What are DJ cartridges? ›

We stock the largest range of DJ cartidges from Ortofon, Reloop, Numark + Stanton. A cartridge is a small device that contains a stylus (also called a needle) and a transducer that converts the mechanical motion of the stylus into an electrical signal.

What is the difference between a needle and a cartridge? ›

Phono cartridges are the component that attaches to the end of your tonearm, and makes direct contact with your record. Cartridges are often incorrectly referred to as needles. However, the needle, or stylus, is within the cartridge, and directly transfers the sound into your turntable.

How long do DJ cartridges last? ›

If the records are dirty needles wear out faster than if the records are clean. Economy conicals wear out faster than better quality styli. As a base line, economy conicals should last roundabout 300 to 500 hours. Good ellipticals between 800 and 1000 hours.

What does a vinyl cartridge do? ›

The cartridge is an electro-mechanical device that translates the information in record grooves into an electrical signal that can be amplified to produce music. There are many different types of cartridges.

What are the three main types of cartridges? ›

Ammunition: One or more loaded cartridges consisting of a primed case, propellant, and projectile(s).

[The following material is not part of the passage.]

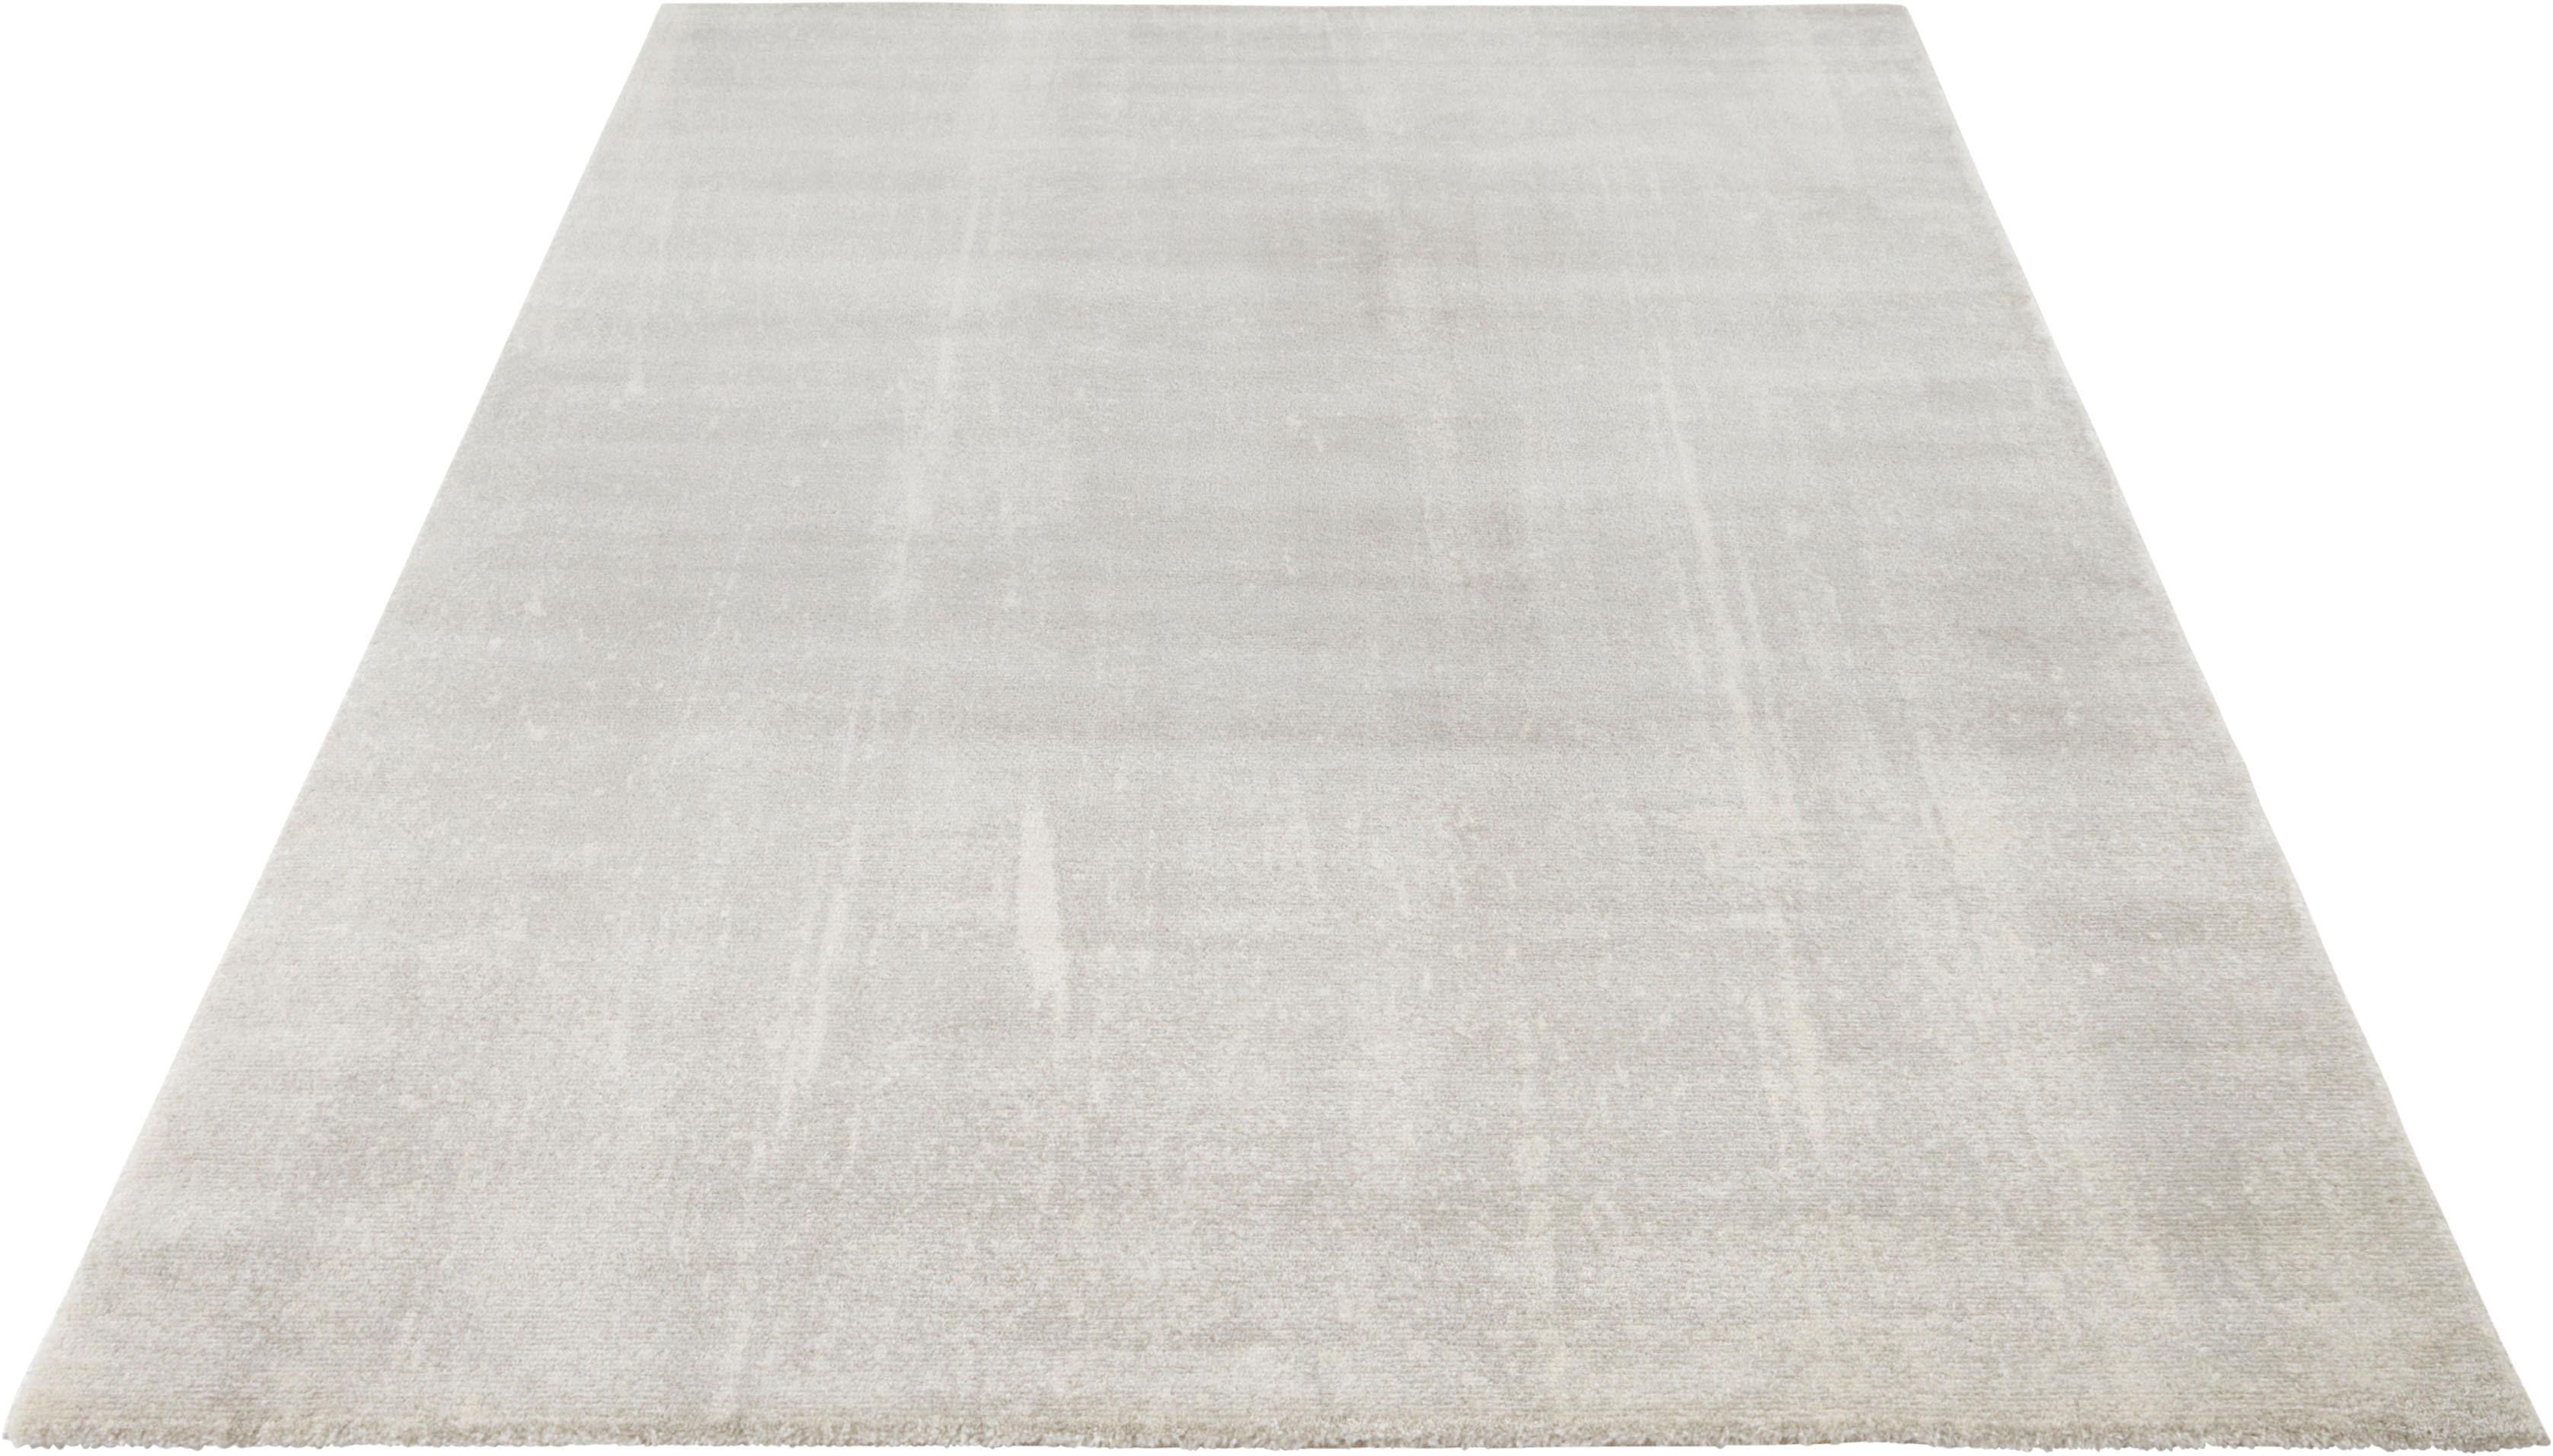 Teppich Cambrai ELLE Decor rechteckig Höhe 12 mm maschinell gewebt

Three main types are rimfire, centerfire, and shotshell.

How many times can you use a needle cartridge? ›

We strongly recommend against re-using needle tip cartridges, as patient safety is of paramount importance.

Can you reuse needle cartridges? ›

Reusing Needle Cartridges: A Money-Saving Tip for Tattoo Beginners. Learn how to save money while tattooing on fake skin by reusing needle cartridges. Avoid cheap cartridges and invest in quality ones for a frustration-free learning journey. Only for fake skins.

What is a DJ cart? ›

DJ carts usually have a very heavy and rugged cantilever, in order to withstand lots of back-cueing and 'scratching' with a heavier tracking force. A slender, delicate cantilever will provide clear, smooth high frequency response.

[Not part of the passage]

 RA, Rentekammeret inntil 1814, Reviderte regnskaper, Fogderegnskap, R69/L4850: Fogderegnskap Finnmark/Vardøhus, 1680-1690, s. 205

What is the difference between DJ cartridge and HiFi cartridge? ›

Cartridge: HiFi turntables generally use high-quality cartridges that are optimized for playback, whereas DJ turntables have more robust cartridges that are designed for heavy-duty scratching and manipulation.

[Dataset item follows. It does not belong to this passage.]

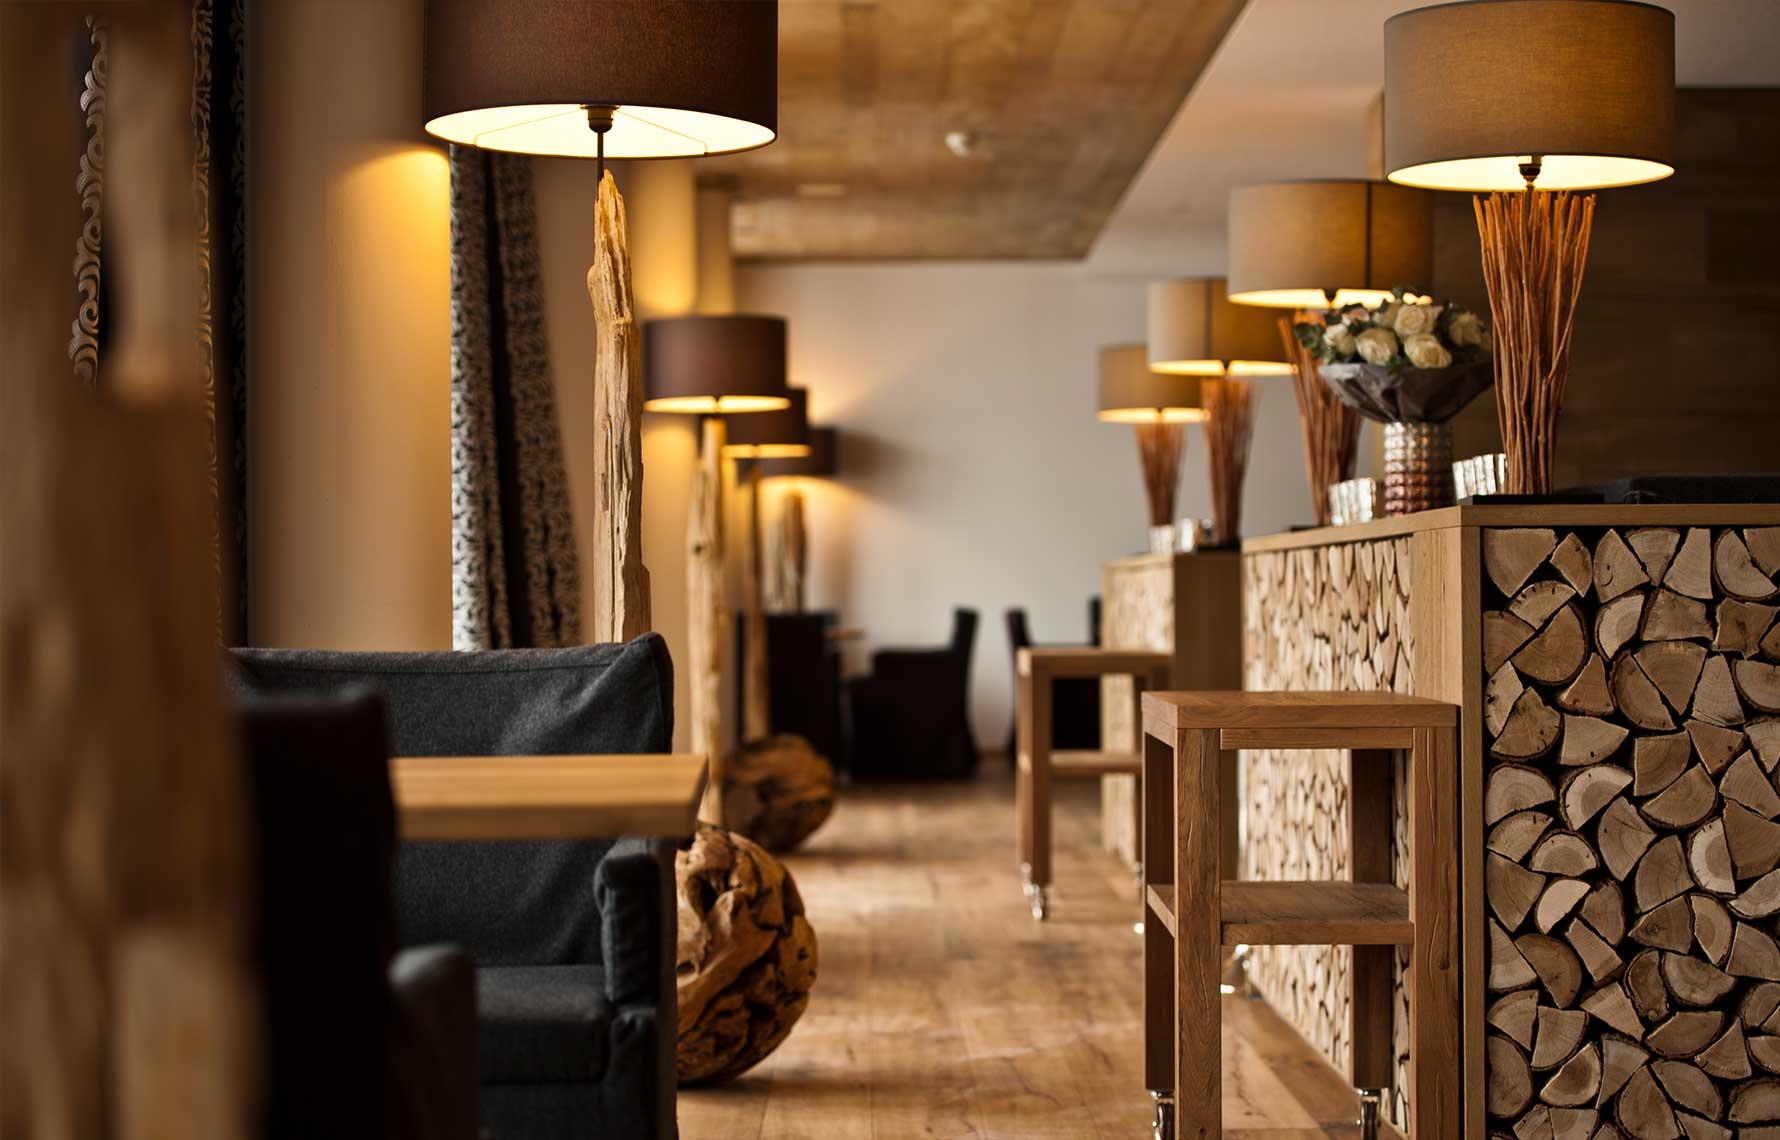 Referenzen joachim wagner interior design for Designhotel oberstdorf

What are DJ turntables used for? ›

A digital turntable used by disc jockeys (DJs) who orchestrate prerecorded music for parties and events. The devices are CD players that have a slip pad disc like a platter on an analog turntable.

What is a DJ sound card? ›

In short, a sound card simply turns digital computer music files (eg MP3s) into actual audio signals that can be amplified and played, just like when you amplify the signal from a CD player.